VfGH-Entscheidung zum Anbringen von Kreuzen  

erstellt am
16. 03. 11

Anbringen des Kreuzes im Kindergarten ist nicht verfassungswidrig
Antrag gegen religiöse Feiern wie Nikolausfeste unzulässig, da Teilnahme daran nicht verpflichtend
Wien (vfgh) -Der Verfassungsgerichtshof hat - aufgrund eines Antrages, der sich gegen religiöse Feiern und das Anbringen des Kreuzes in niederösterreichischen Kindergärten richtete - eine Grundsatzentscheidung zum Verhältnis von Staat und Kirche getroffen.
Auf das Wesentliche zusammengefasst, brachte das Verfahren vor dem VfGH zwei Ergebnisse:

  • Der Antrag, dass religiöse Feiern wie das Nikolausfest gegen die Verfassung verstoßen, wurde als unzulässig zurückgewiesen. Die Teilnahme an solchen Festen ist nämlich nicht verpflichtend, also sind die Antragsteller davon auch nicht direkt betroffen. Im Kindergartengesetz gibt es keine Vorschrift, die besagt, dass eine solche Teilnahme verpflichtend ist.
  • In der Sache entschieden hat der VfGH die Kreuz-Frage.
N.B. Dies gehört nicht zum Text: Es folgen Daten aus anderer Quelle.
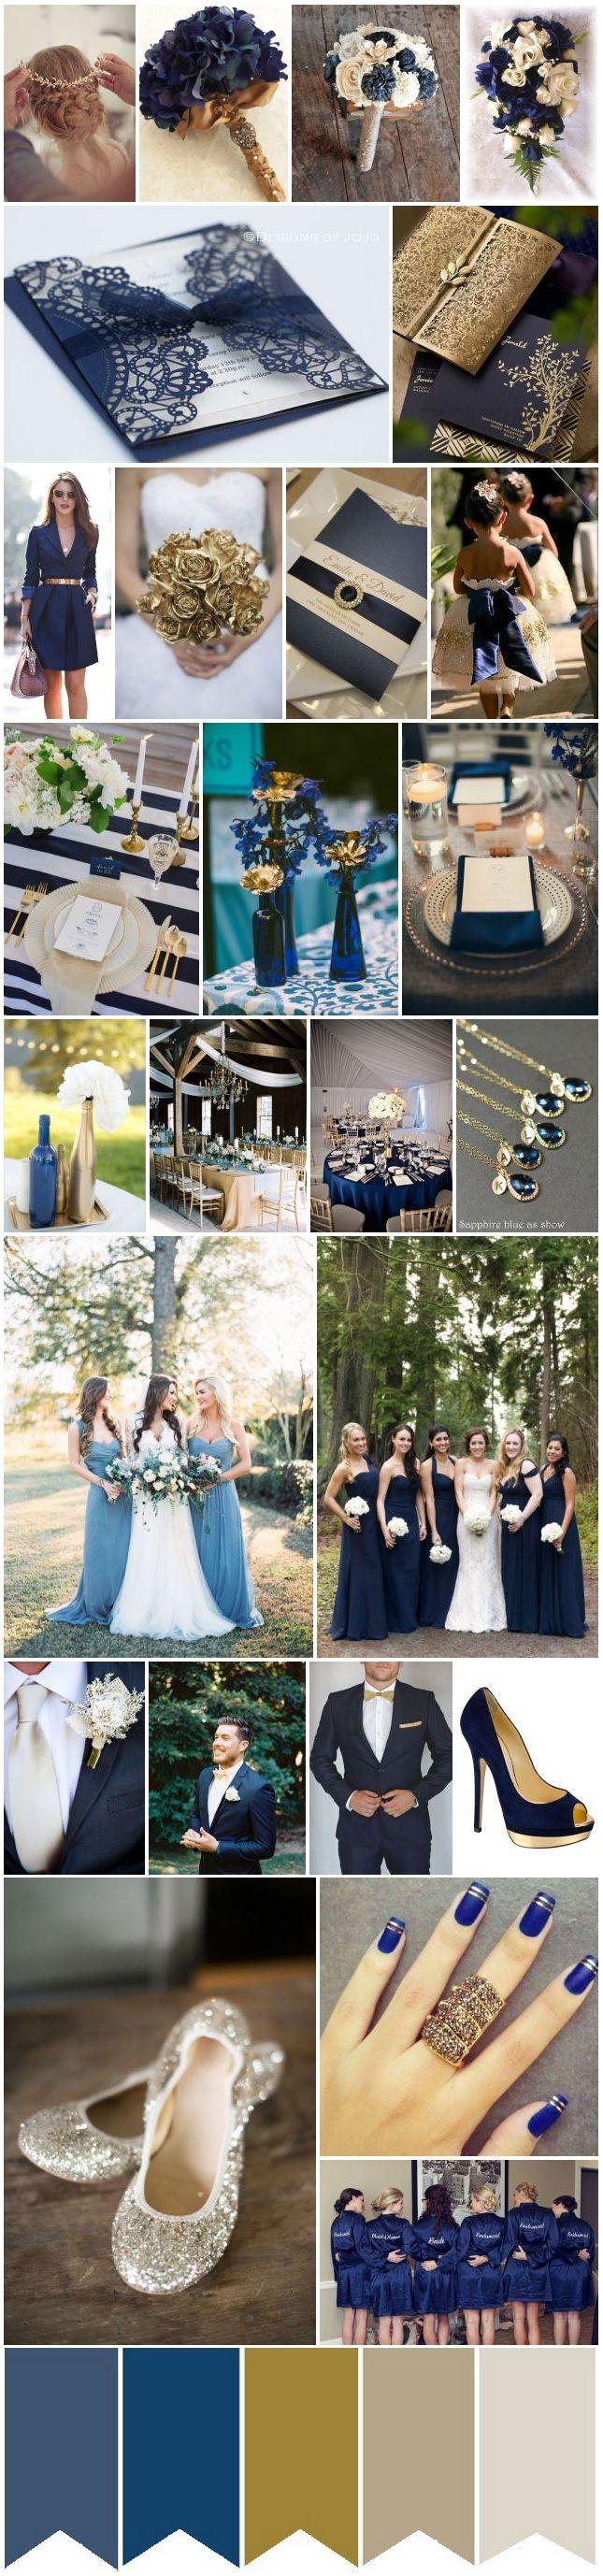 Blue and black wedding decor  Azul Dourado e OffWhite  Dj Wedding and Weddings

Dass ein Kreuz anzubringen ist, wenn die Mehrheit der Kinder einem christlichen Religionsbekenntnis angehört, verstößt nicht gegen die Verfassung. Vor dem Hintergrund der grundsätzlichen Trennung zwischen Kirche und Staat ist diese gesetzliche Regelung über das Anbringen eines Kreuzes nicht als Präferenz des Staates für eine bestimmte Religion zu werten.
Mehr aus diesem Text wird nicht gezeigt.